KR101420727B1 - Method for rotating virtual camera on touchscreen-based device - Google Patents

Abstract

The rotation conversion method according to the present invention includes the steps of: (a) setting three axes of an initial camera frame as fixed rotation axes; (b) performing rotation conversion using an Euler angle using a fixed rotation axis of an initially set camera frame as a reference axis when a rotation operation is inputted while a user touches the touch screen continuously; (c) when the touch to the touch screen ends, updating the fixed rotation axis to three axes of the camera frame at the moment when the touch ends; (d) repeating the step (b) with the rotation axis of the updated camera frame as a reference axis; Respectively.

Description

TECHNICAL FIELD [0001] The present invention relates to a method for rotating a virtual camera on a touch screen,

The present invention relates to an effective three-dimensional graphics programming method, and more particularly, to a rotational transformation method of a virtual camera, which is a key element of virtual three-dimensional space navigation using a touch screen.

The multi-core or many-core processor fabrication technology that has been applied to the production of high-end CPUs and GPUs has been applied to mobile application processors (MCUs) and is now used in mobile devices such as cell phones and tablet PCs. The range and level of applications are changing rapidly. Especially, processors that accelerate 3D graphics computing that require a significant amount of floating point computation and memory bandwidth are installed in succession, and advanced 3D graphics functions that are hard to imagine even a few years ago can now be easily implemented , The application of effective 3D graphics technology to mobile devices such as mobile phones and tablet PCs in various industries is becoming a big issue. However, mobile devices are still limited in their ability to efficiently perform 3D graphics computing that requires a significant amount of floating point computation and memory bandwidth, and unlike in a relatively high-end PC environment, development of programming techniques optimized for a given device is inevitable Is required.
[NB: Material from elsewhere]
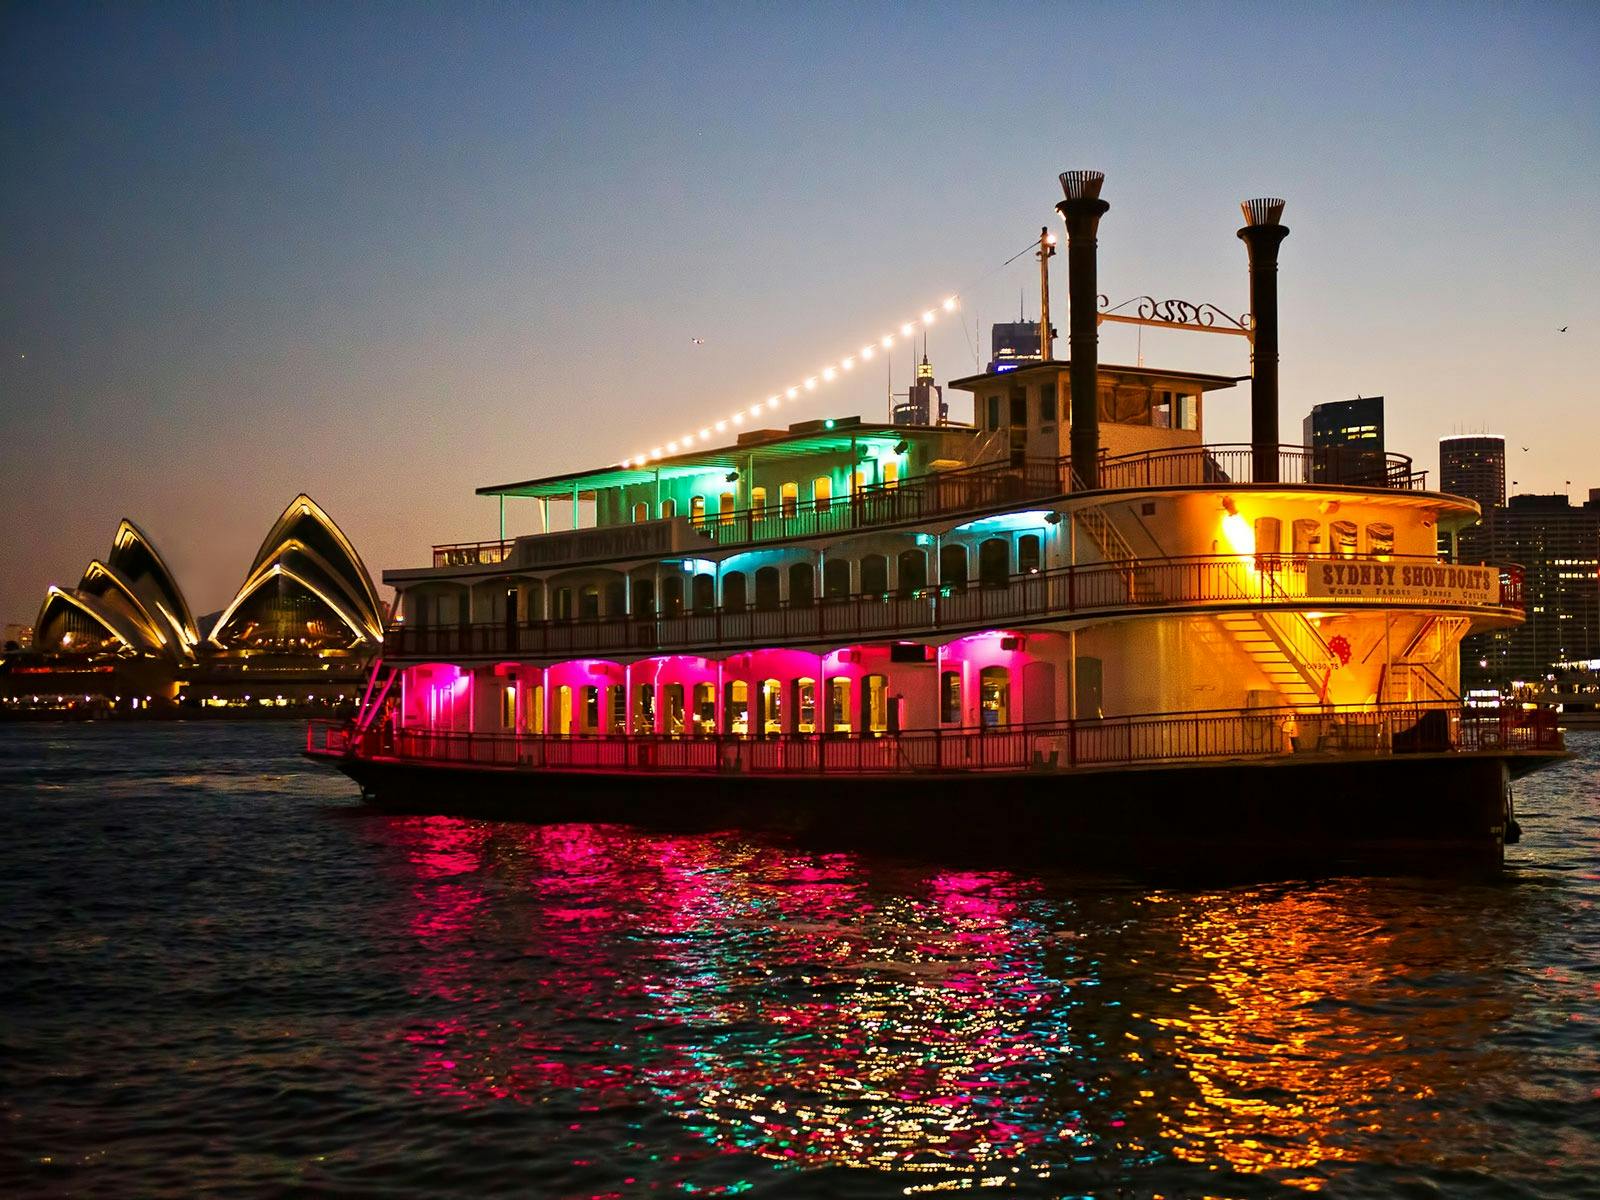 Sydney Showboat Cruises Sydney, Australia Official Travel

Particularly, there are insufficient floating-point numbers and precision of operations, resulting in frame buffer precision, performance issues due to insufficient clock speed, bottlenecks due to limited memory size and bandwidth, and 3D graphics There are many things to consider such as the characteristics of driver for API. In order to effectively operate 3D graphics related functions on a mobile device based on a touch screen operation, an effective user interface technique different from an input method based on an input device such as a mouse or a keyboard in a PC environment Development is required.

On the other hand, in the conventional 3D graphics, there are rotation conversion using a Euler angle and quaternion rotation conversion of a three-dimensional virtual camera using a touch screen operation.

Rotational transformation using Euler angles rotates the object through three angles representing pitch, yaw, and roll with respect to the fixed x, y, and z axes. In the case of rotational transformation in the order of yaw, pitch, and roll during the rotation transformation using the Euler angle, when the pitch value approaches 90 degrees or 180 degrees, the rotation axis of the yaw and roll overlaps and the rotation degree of the gimbal lock There is a problem that a phenomenon occurs. FIG. 1 shows the result of performing a rotation conversion method using a conventional Euler angle. As shown in FIG. 1, when a pitch value is close to 90 degrees and rotation is performed through yaw or roll as shown in FIG. 1 (b) or (c), a load balancing phenomenon occurs It rotates based on the same axis, that is, the current direction of viewing. As described above, the rotational transformation having the degrees of freedom of three rotational axes at first becomes two axes of freedom, and one rotational axis is lost. In such a situation, the user feels inconvenience when operating the camera.

The quaternion rotation transformation method can prevent the load balancing phenomenon by rotating the camera with respect to any axis other than the fixed axis. The quaternion rotation transformation method is defined as a frame composed of u, v, and n axes pointing to a camera object as a reference point, the right, the upper, and the opposite direction of the viewing direction, and the eye coordinate system (Eye Coordinates, EC) It corresponds naturally to a coordinate system based on the same camera. The quaternion rotation transformation method can realize the pitch, yaw, and roll operations naturally by rotating the camera frame based on the u, v, and n axes. With this method, it is possible to easily update the geometry information of the new camera frame and the view transformation matrix every time the rotation is proceeded. Also, since the rotation reference axis continuously changes, the gimbal lock problem Lt; / RTI >

However, the quaternion rotation transformation method causes a problem that is difficult for the user to intuitively accept when a user inputs a specific input. FIG. 2 is a diagram illustrating a state of rotation according to a conventional quaternion rotation conversion method. In the initial screen as shown in FIG. 2 (a), when the user moves the touch point like a circle as shown in (b) and returns to the original position, the sum of the increment for the camera movement becomes 0, It is intuitively natural to come back. However, according to the quaternion rotation transformation method, when the user touches the screen as shown in FIG. 2B, the camera may be deviated from the original direction as shown in FIG. 2C. In addition, the quaternion rotation transformation method has a problem that the direction of the camera is unexpectedly distorted depending on the path through which the user returns.

Korean Patent Publication No. 10-2009-0085821 Korean Patent Publication No. 10-2011-0066545 Korean Patent Publication No. 10-2011-0104096

An object of the present invention to solve the above-mentioned problems is to provide a rotation conversion method of a virtual camera based on a touch screen which can be intuitively accepted by a user while preventing a burden of a burr.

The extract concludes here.